The drug will challenge AstraZeneca’s Lynparza, approved in advanced ovarian cancer back in 2014. That med, green-lighted on the strength of a phase 2 trial, has performed well for AZ, and now, the British drugmaker will have to defend its market position. The company has already started to build its defense, in October rolling out strong progression-free survival data from a phase 3 study.

And despite the early approval, Clovis says it's already ready to go in the marketing department. The Boulder, CO-based-company's 85-person sales force "is actually calling on physicians today," CEO Patrick Mahaffy said on a Monday afternoon call with investors.

"We anticipate, extremely modest, but inital sales this year," he said, noting that the company would be shipping the product throughout this week and next.

Aside from AZ, AbbVie, Pfizer and Tesaro each have potential PARP challengers in their respective pipelines. Back in October, Tesaro’s candidate niraparib posted progression-free survival benefits larger than have ever been seen in recurrent ovarian cancer, upping pressure on the other players in a hot field.

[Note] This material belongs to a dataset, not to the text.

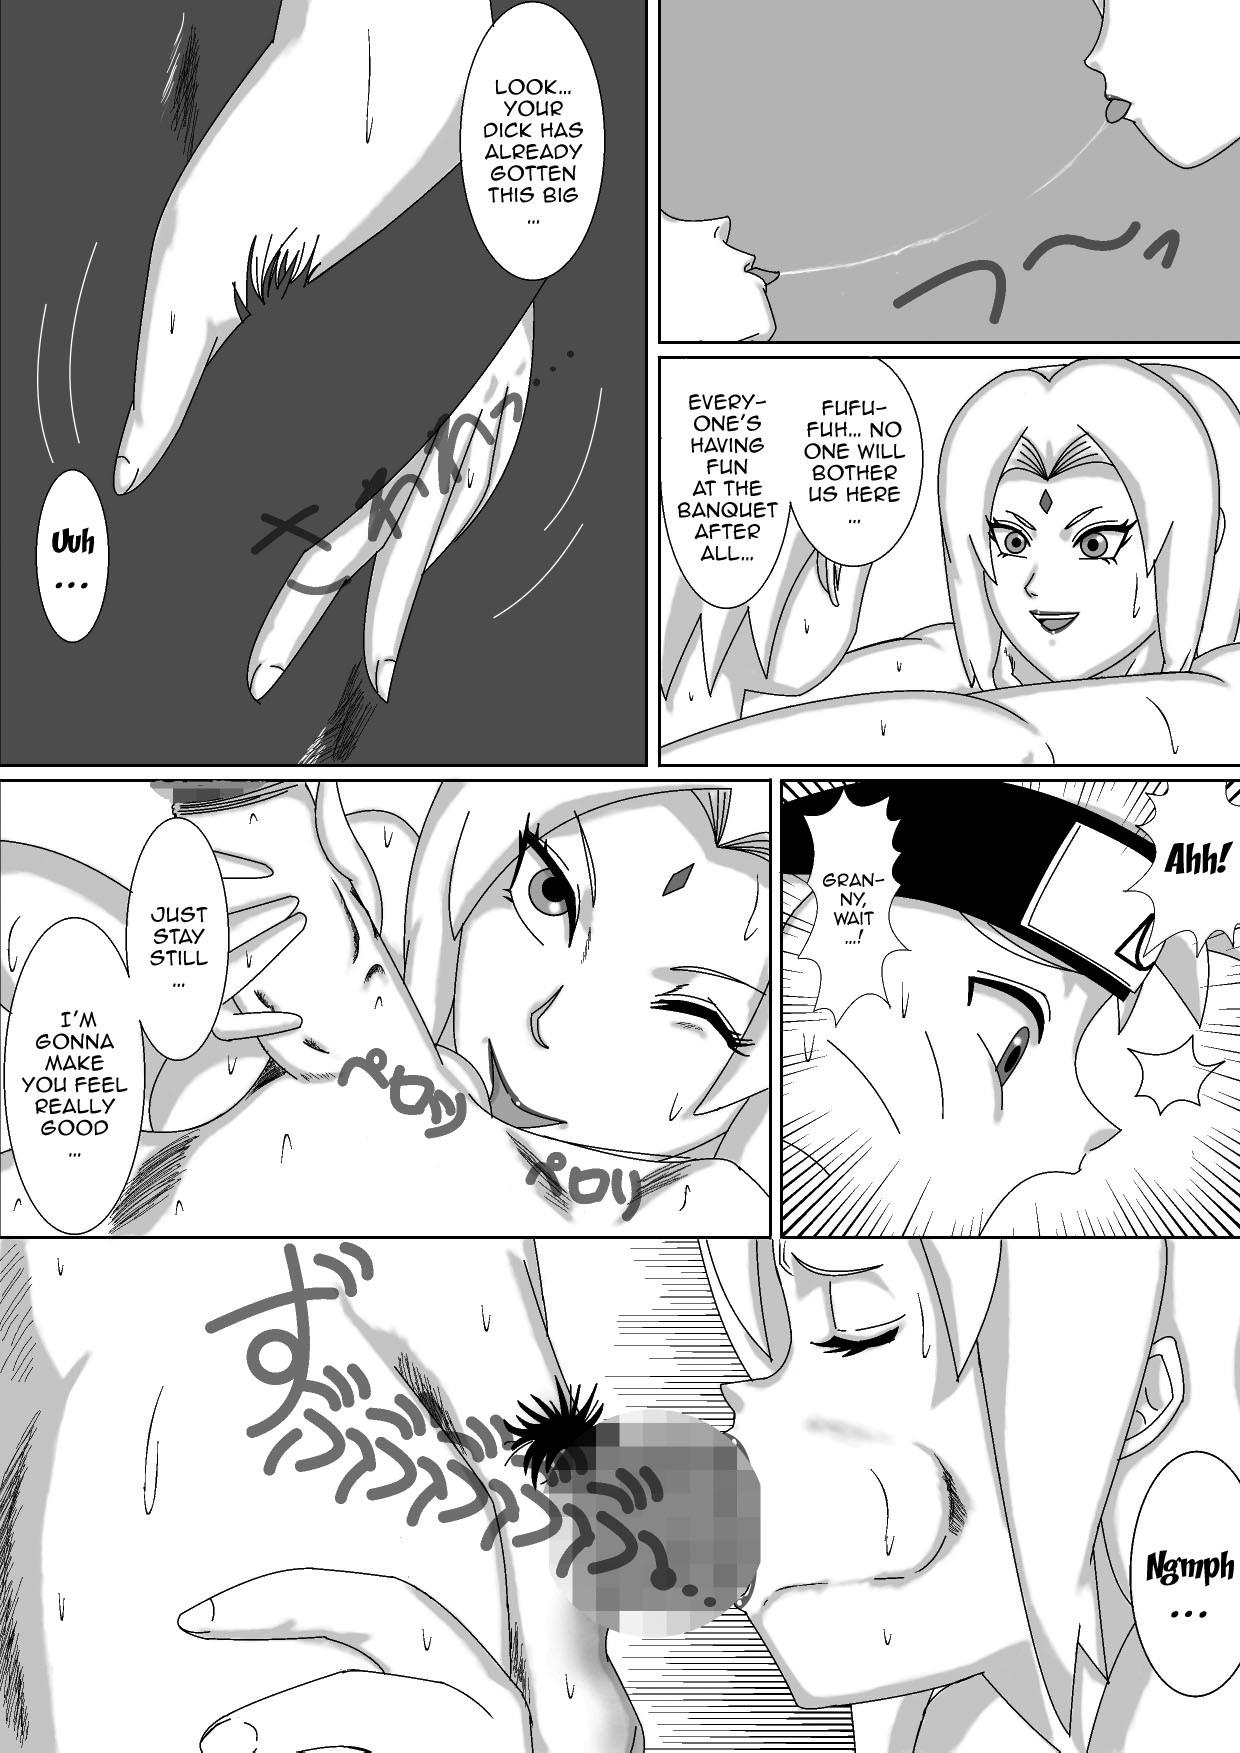 Dando Nomisugite Deisui Shita BBA to Yarimakutta Ken!! | The Case Of Having Sex With This Old Lady After She Got Herself Really Drunk - Naruto Threeway - Page 7

Before his company's sale to Pfizer for $14 billion, Medivation CEO David Hung described his company’s candidate, talazoparib, as “best-in-class” PARP med. Then, when Tesaro rolled out its data, investors responded by sending Medivation’s shares north.

A companion diagnostic to test for the gene mutation also won the FDA’s blessing on Monday. The cancer drug’s approval is one in a “trend we are seeing in developing targeted agents to treat cancers caused by specific mutations in a patient’s genes,” the FDA’s Richard Pazdur said in a statement.

About 15% to 20% of ovarian cancer patients have the BRCA gene mutation, according to the FDA.

Editor's note: This story has been updated with comments from a company conference call.